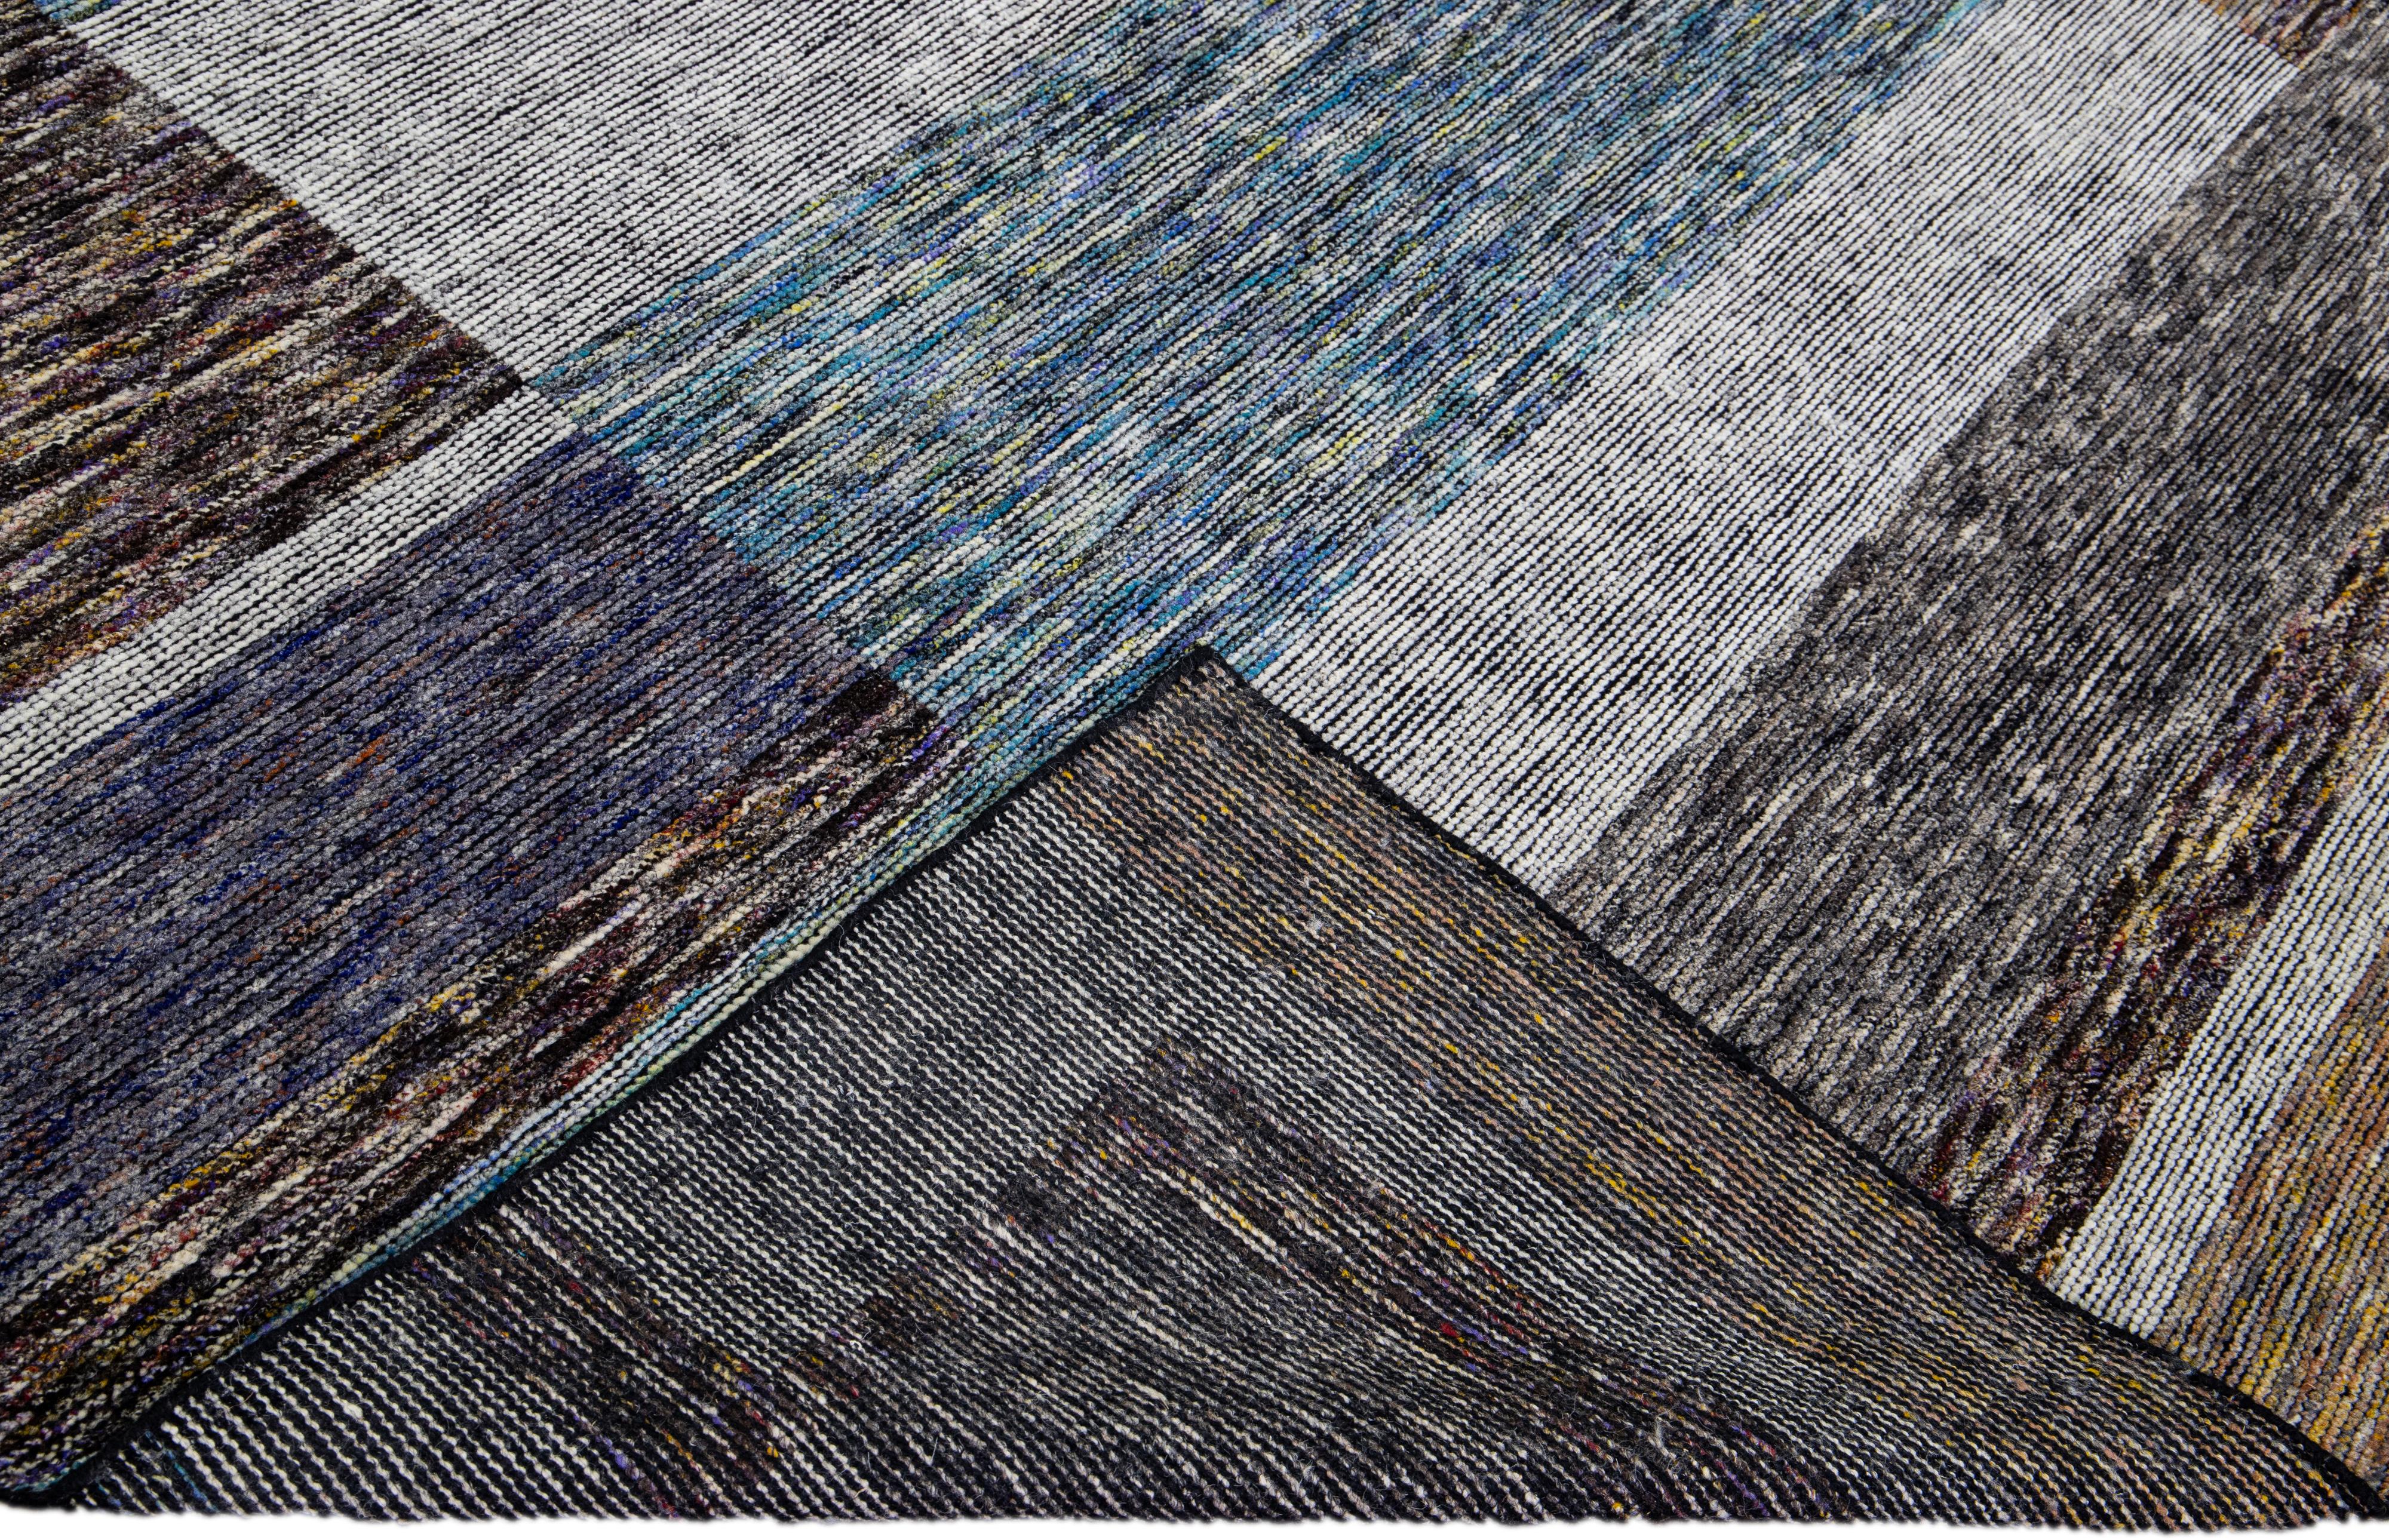 Beautiful modern Apadana's Safi Collection hand-knotted wool rug with an earthy colors field. This Modern rug has blue, gray, and brown accents a gorgeous layout Abstract design.

This rug measures: 9'3
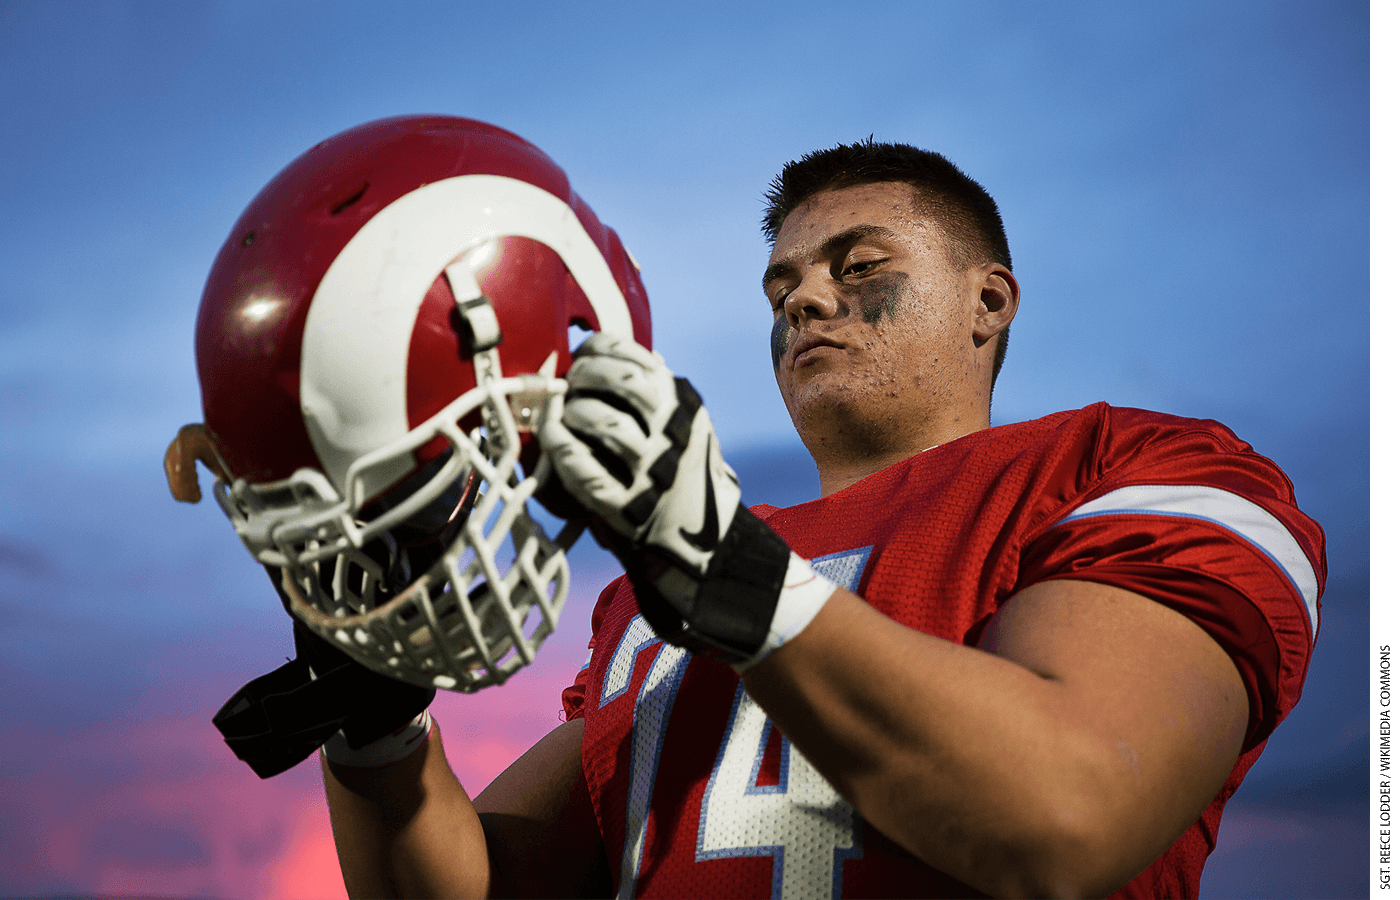 Shane Lemieux, a offensive tackle for the West Valley High School Rams varsity football team and 17-year-old native of Yakima, Wash., dons his helmet before a game against the Wenatchee High School Panthers at West Valley High School in Yakima, Wash., Oct. 31, 2014.

■ **TASK TO COMPLETE**: Nothing should be printed except the lines from the one with "This rug measures: 9'3" through the last line of the listing above, both ends included; please drop the pictures.

■ **SOLUTION**:
This rug measures: 9'3
 Shane Lemieux, a offensive tackle for the West Valley High School Rams varsity football team and 17-year-old native of Yakima, Wash., dons his helmet before a game against the Wenatchee High School Panthers at West Valley High School in Yakima, Wash., Oct. 31, 2014.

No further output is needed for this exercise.